In 2011, Indonesia voted in favor of a UN General Assembly resolution recognizing the most prominent non-communicable diseases are linked to common risk factors, such as tobacco and alcohol use, unhealthy diet and lack of physical activity. The meeting, attended by President Susilo Bambang Yudhoyono, also recognized the fundamental conflict of interest between the tobacco industry and public health.
In 2011, a regional WHO meeting issued the “Jakarta Call for Action on Noncommunicable Diseases,” participants from Southeast Asian countries called on global leaders to combat NCDs by ratifying the FCTC and scaling up a package of interventions proven effective, including the reduction of tobacco use.

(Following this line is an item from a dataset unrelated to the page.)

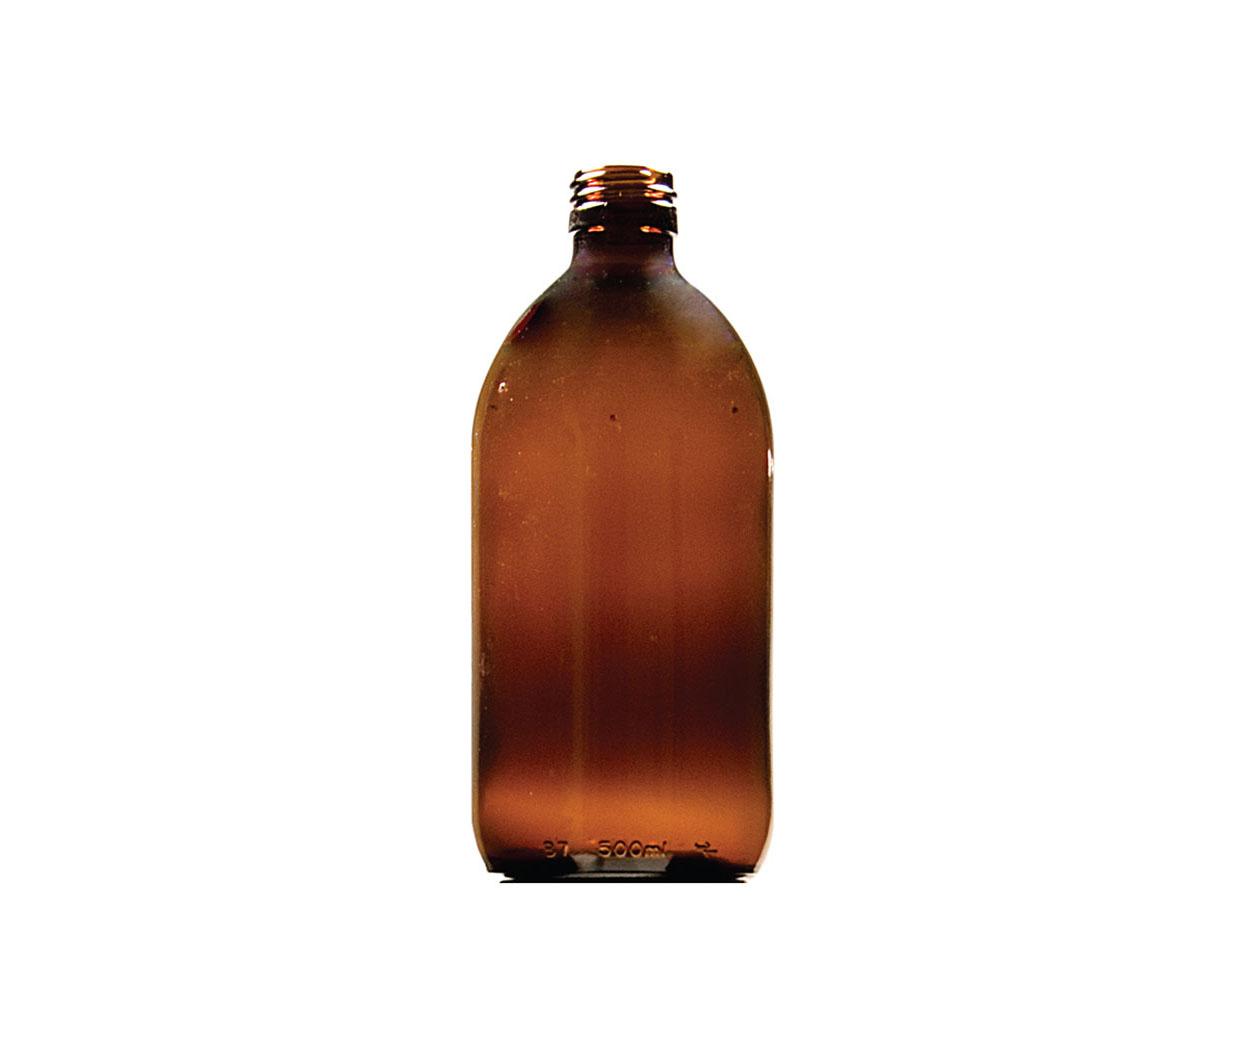 Lightweight 100ml Round Glass Medicine Bottle - Pack of 104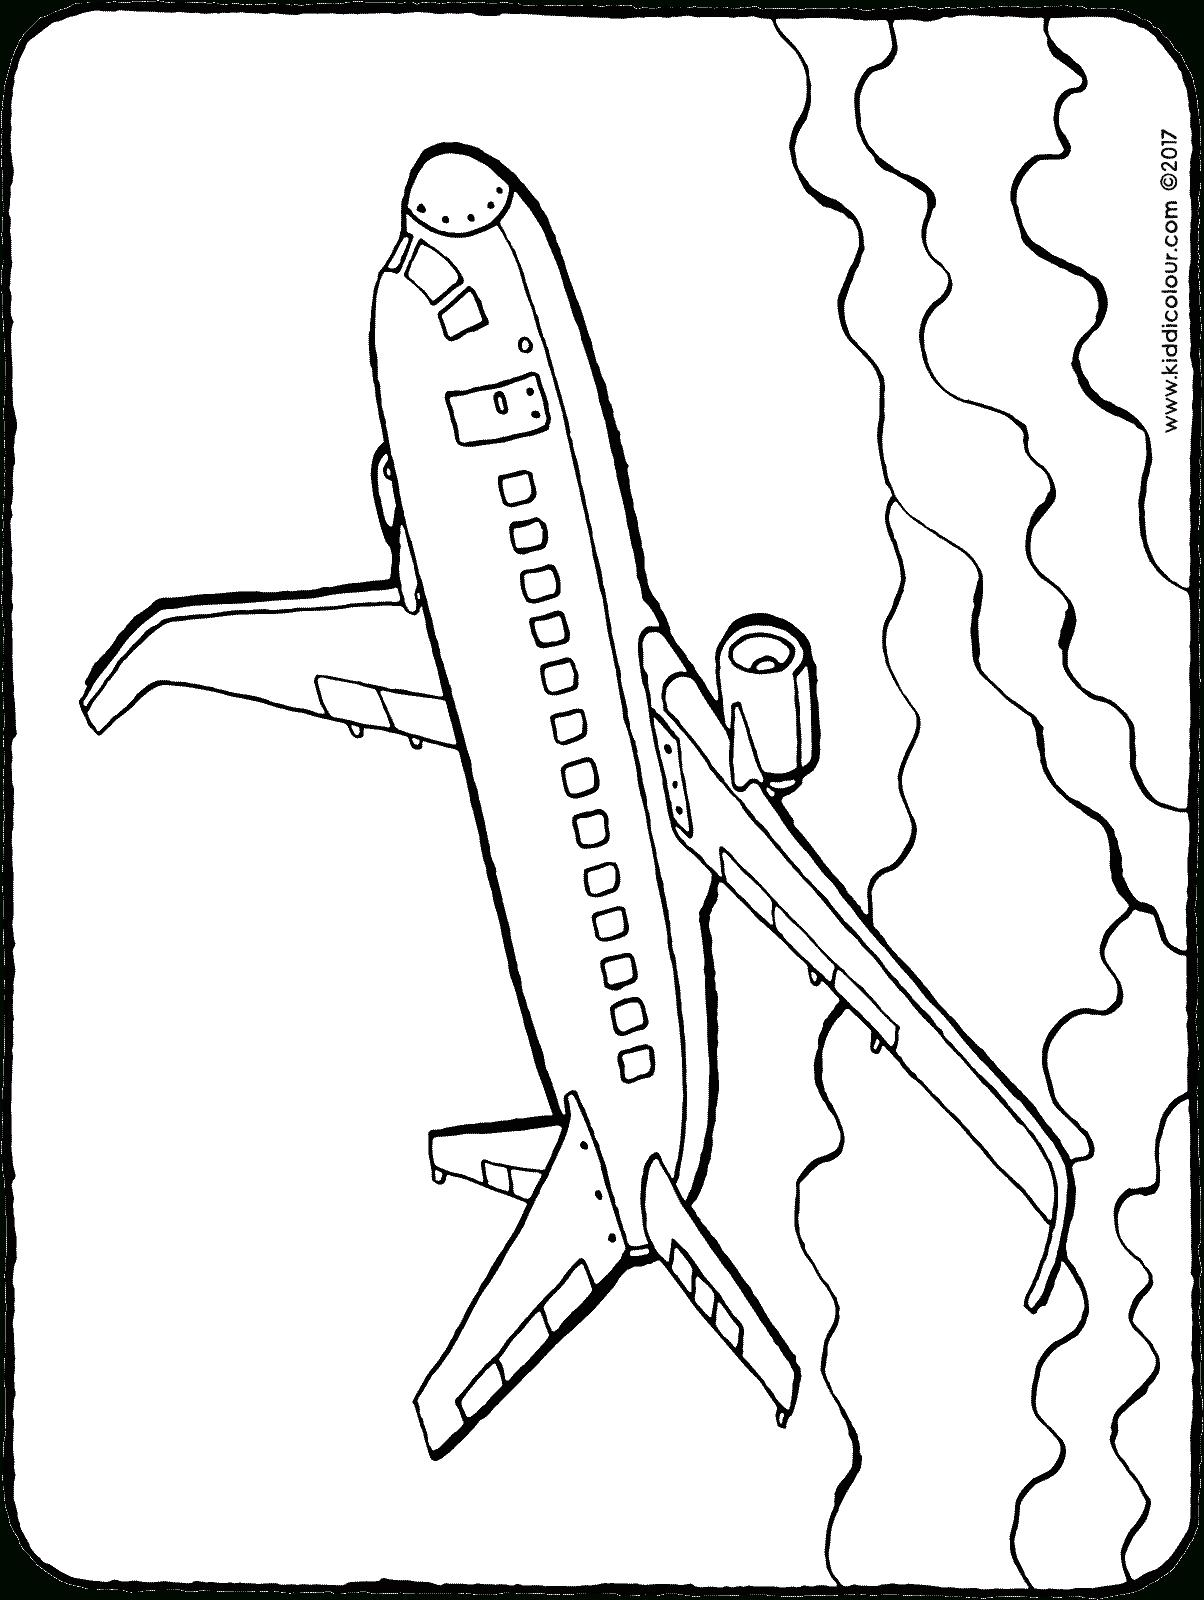 Flugzeug - Kiddimalseite bestimmt für Flugzeug Malvorlagen

In 2007, at an OIC Health Minsters summit in Kuala Lumpur, Indonesia stated its willingness to recognize that tobacco poses one of the greatest threats to health. The country joined an effort to call upon OIC member states to introduce stronger tobacco control legislation.
Diplomats have noted Indonesia’s eagerness to project itself as a leader in international forums, but say the country’s reputation will suffer if, rather than taking action and responsibility on basic agreements, the government is instead seen as merely blowing smoke.